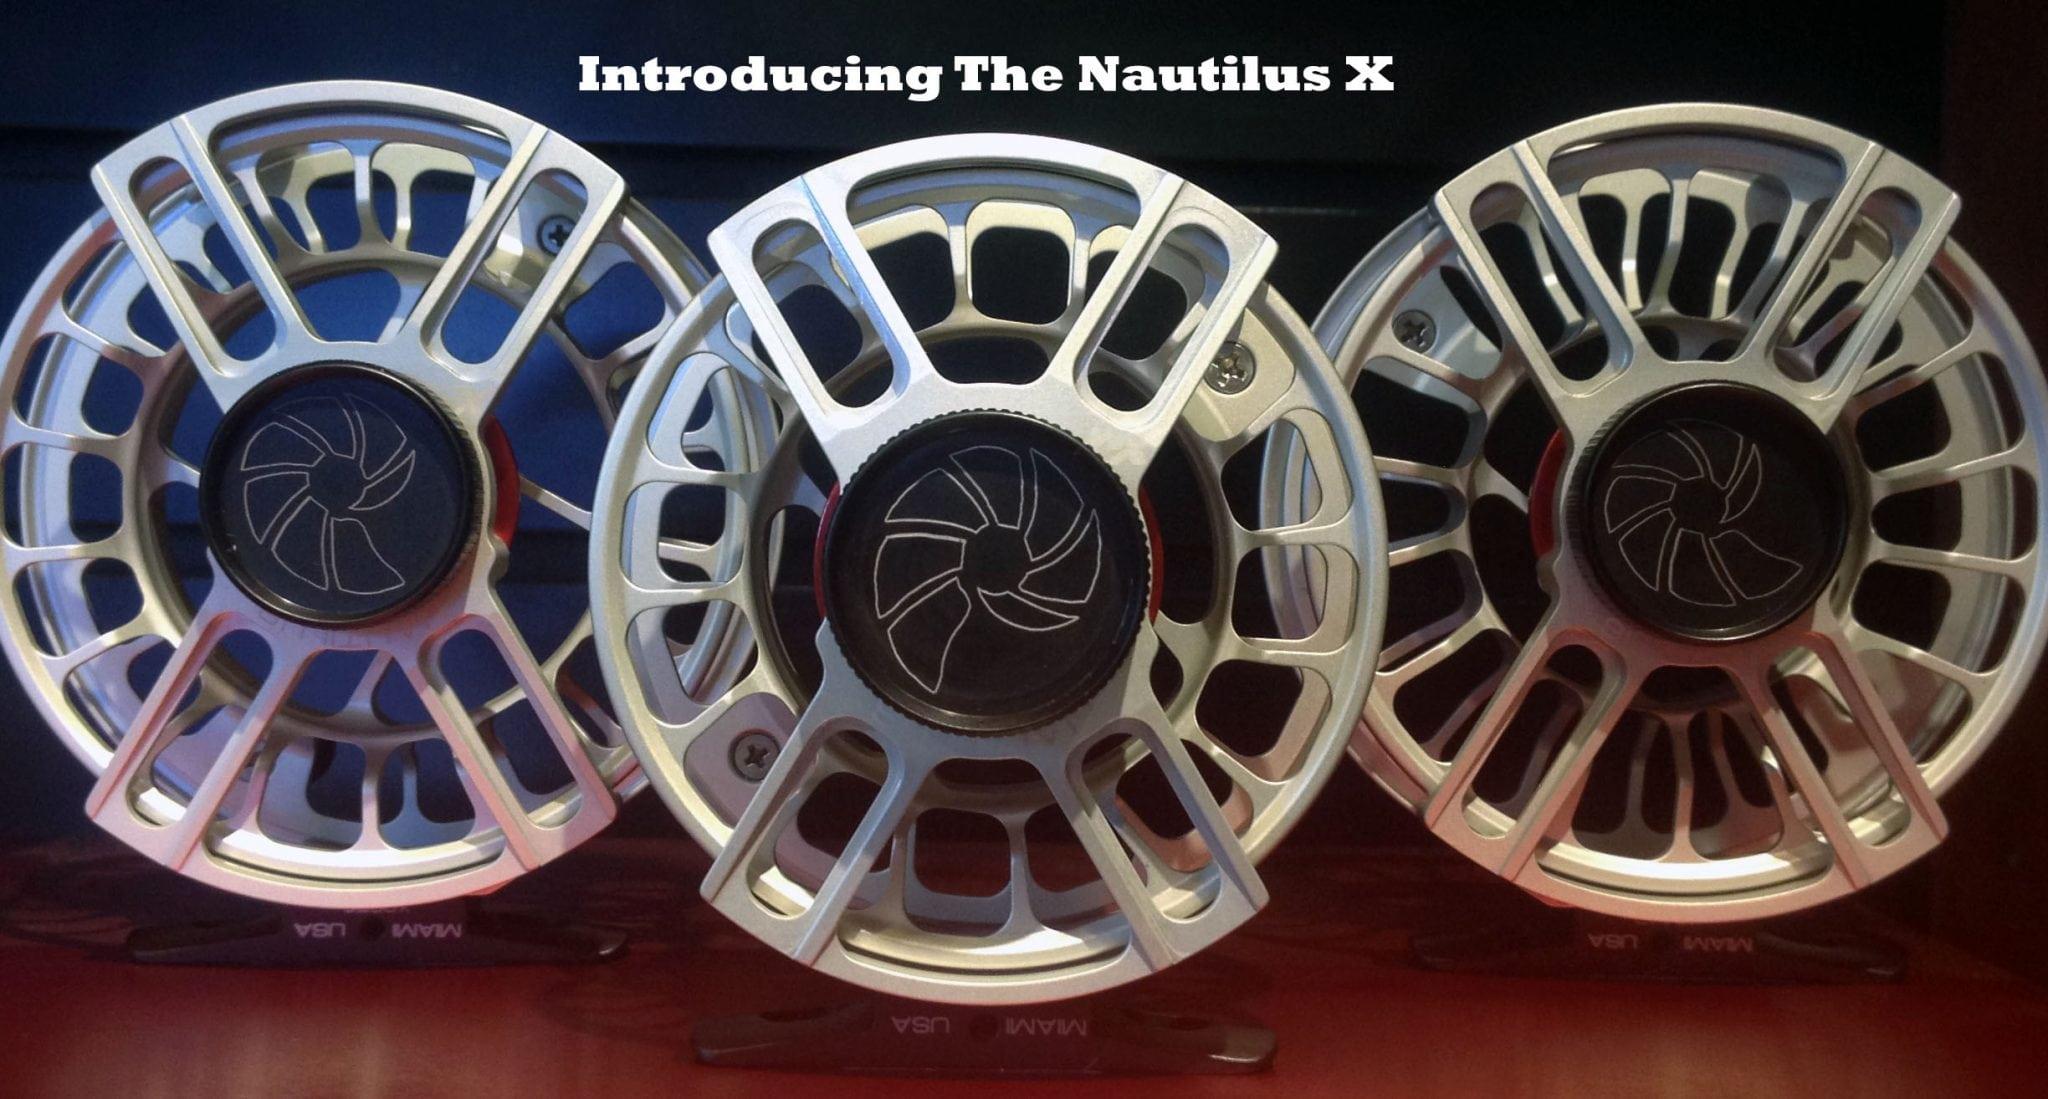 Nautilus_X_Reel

* * *

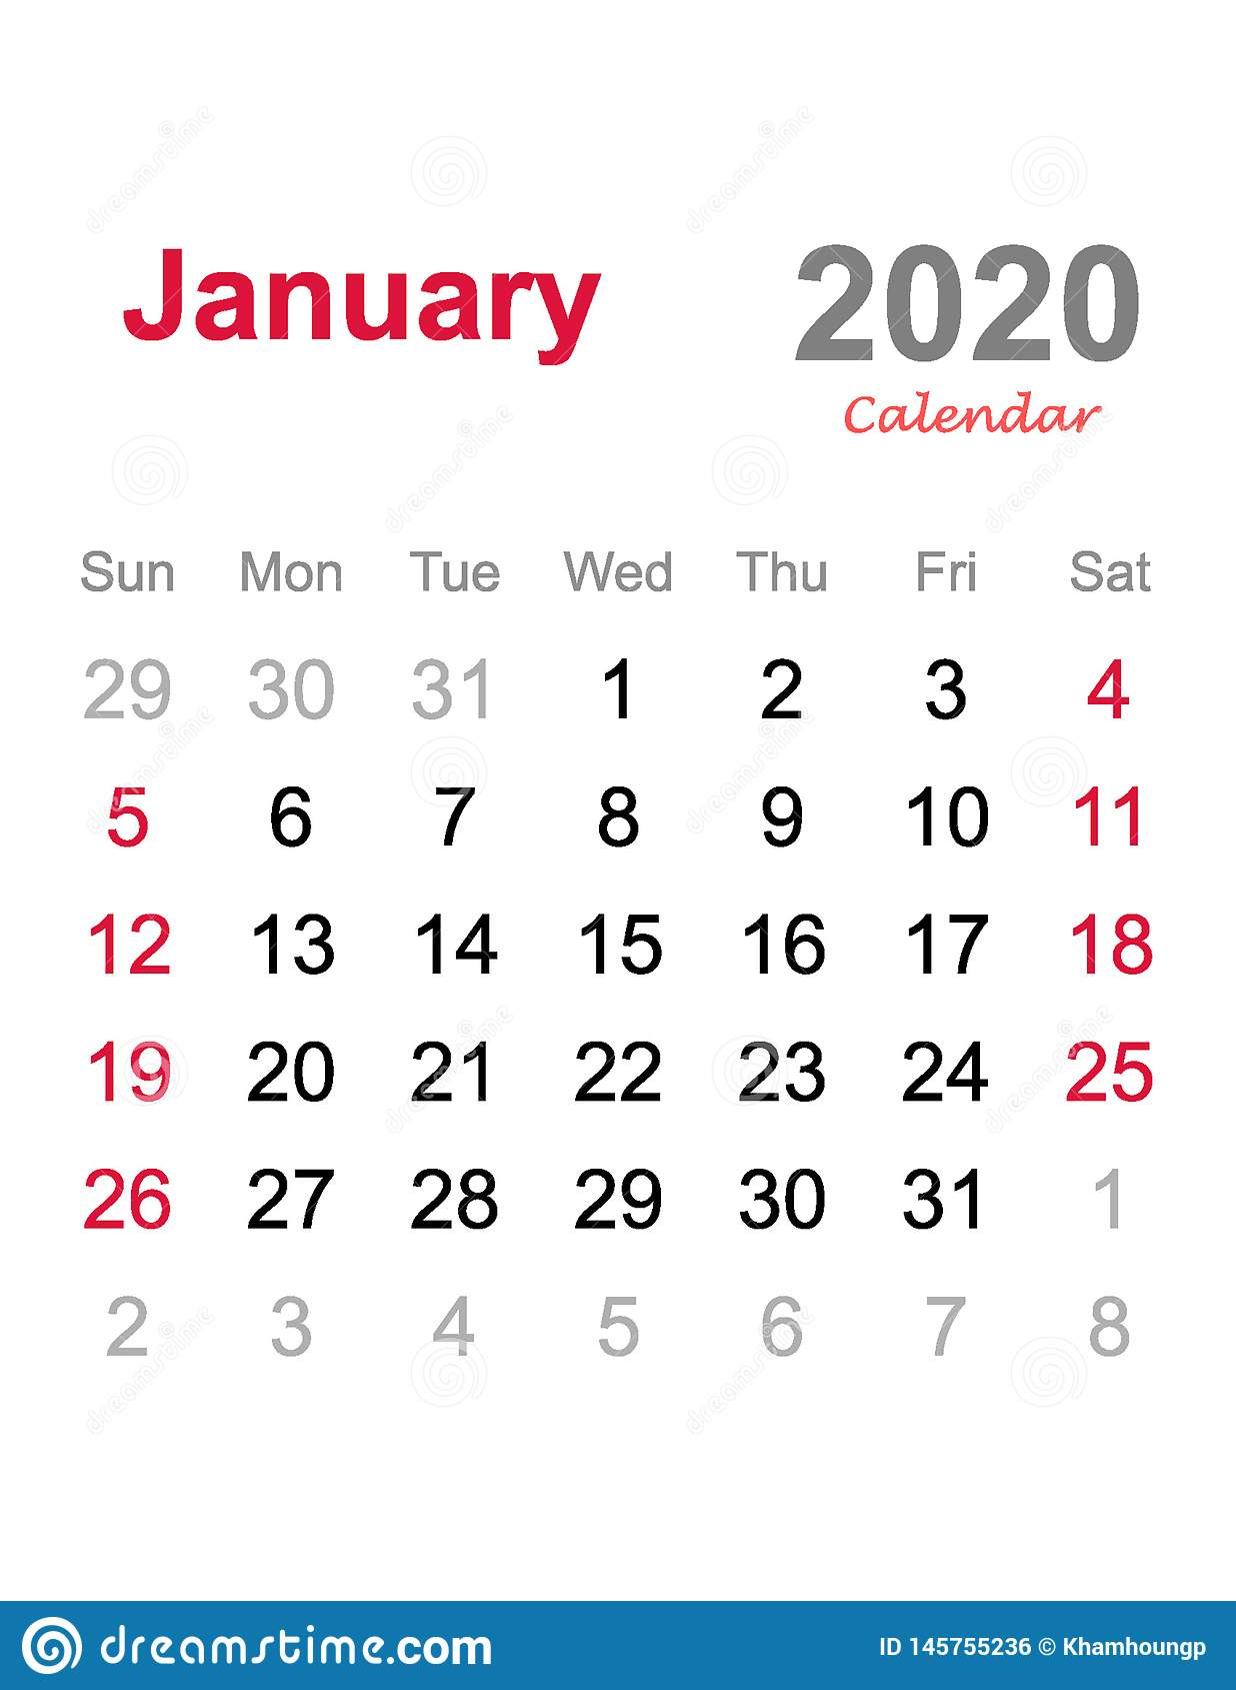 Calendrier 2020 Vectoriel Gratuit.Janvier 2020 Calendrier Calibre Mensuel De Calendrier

* * *

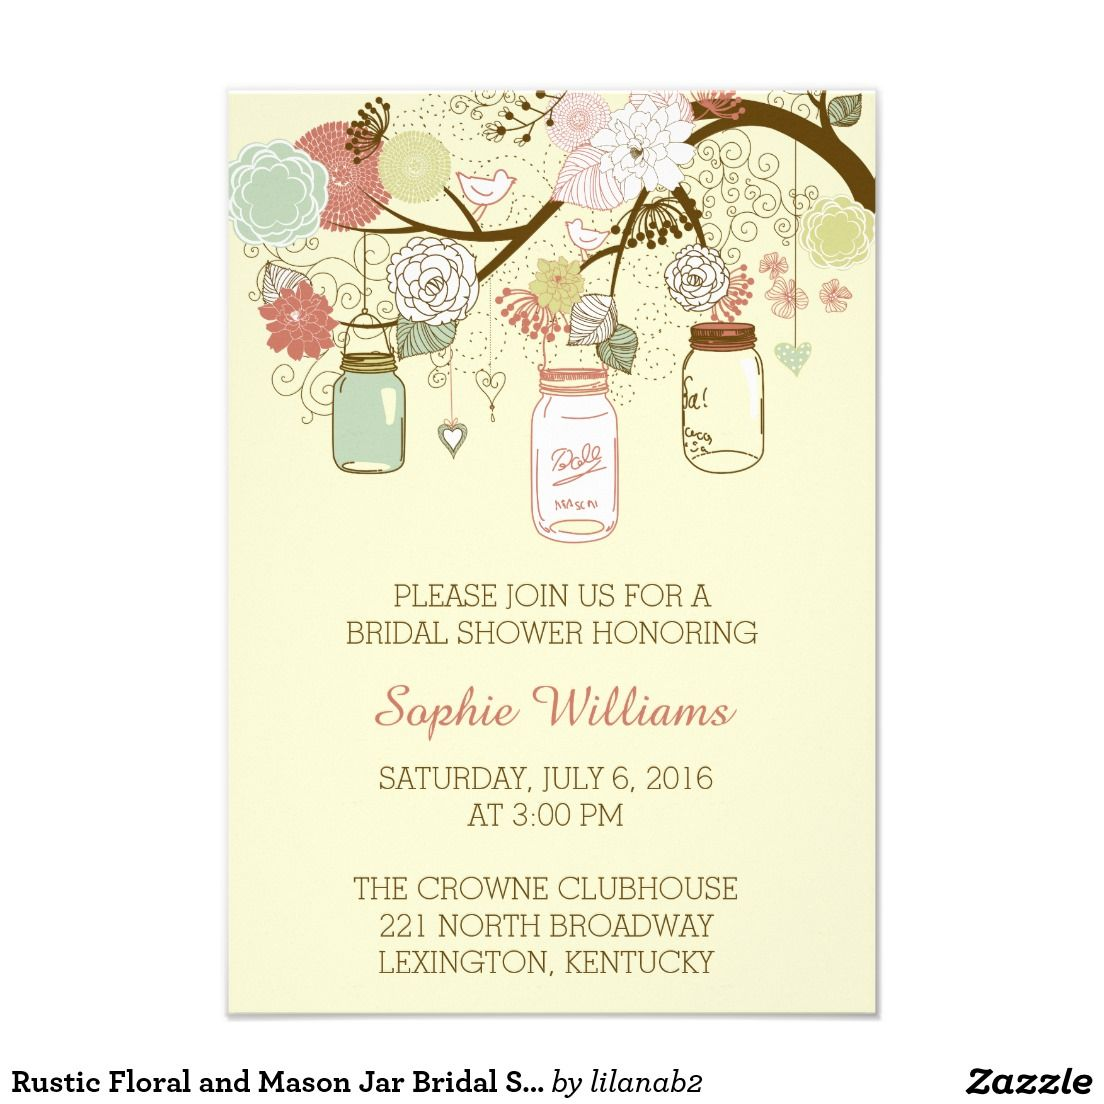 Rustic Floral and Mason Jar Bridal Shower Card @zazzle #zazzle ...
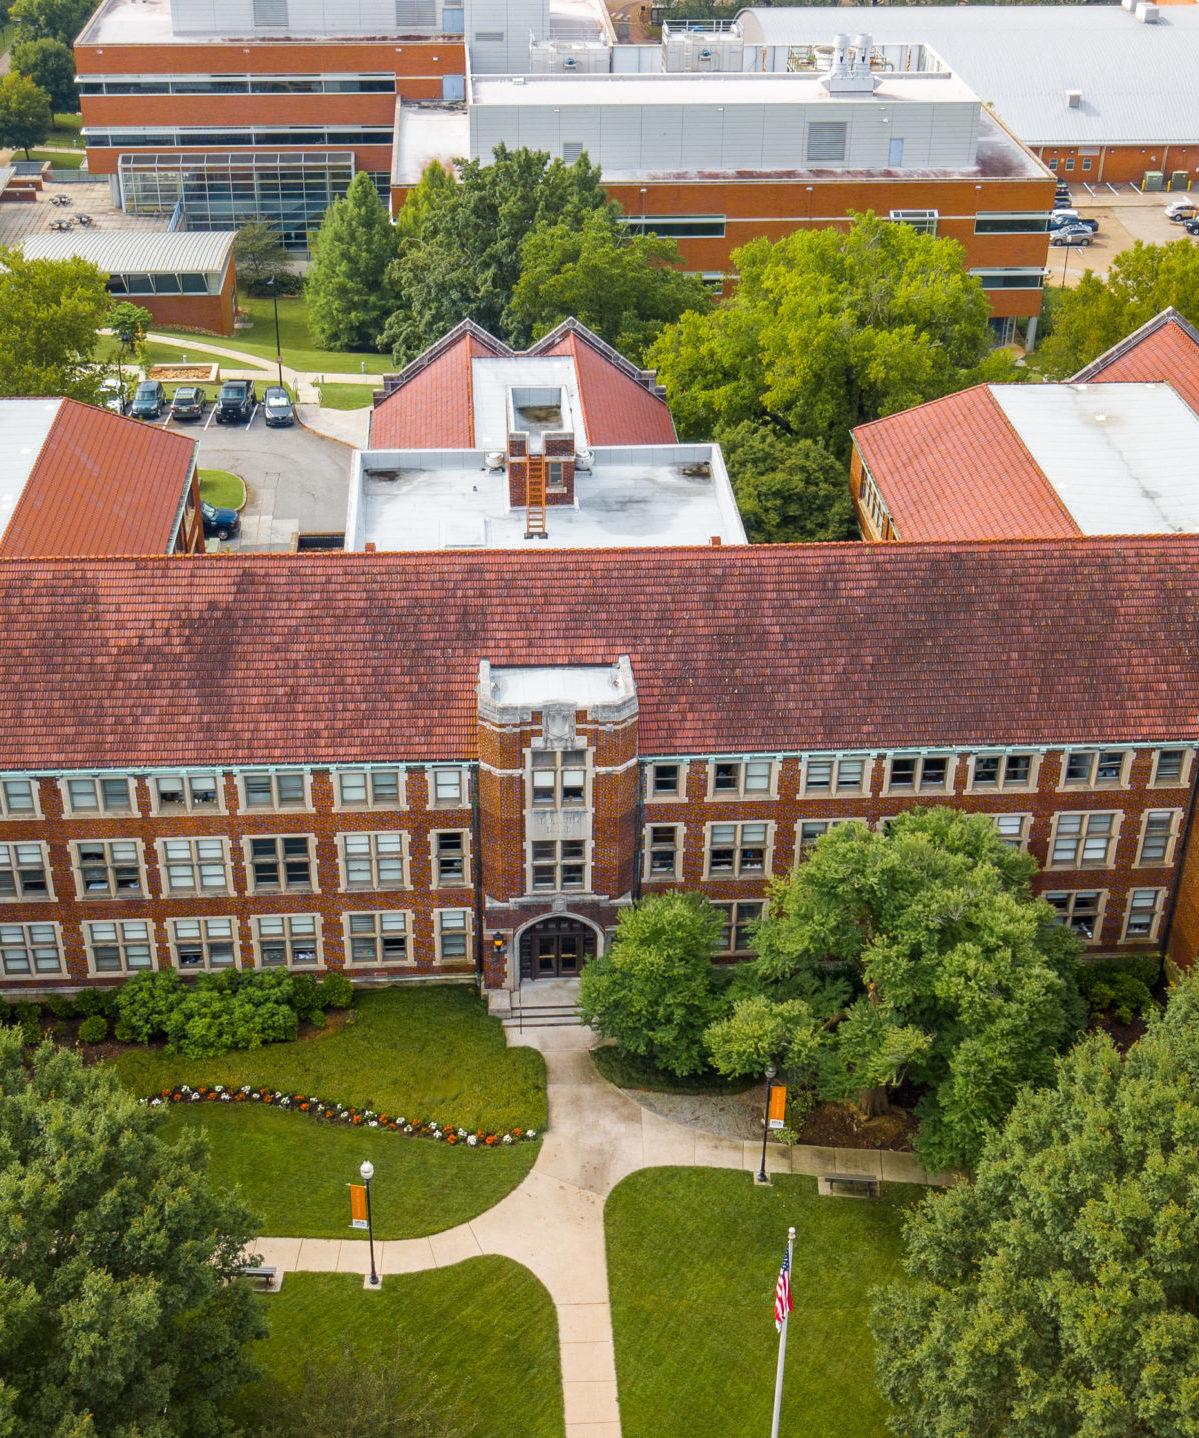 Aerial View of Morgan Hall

> _What you will do_: Above are some records; extract exactly the lines from the one containing "Rustic Floral and" through the one containing "Aerial View of Morgan Hall" and drop the pictures.

> _Task result_:
 Rustic Floral and Mason Jar Bridal Shower Card @zazzle #zazzle ...
 Aerial View of Morgan Hall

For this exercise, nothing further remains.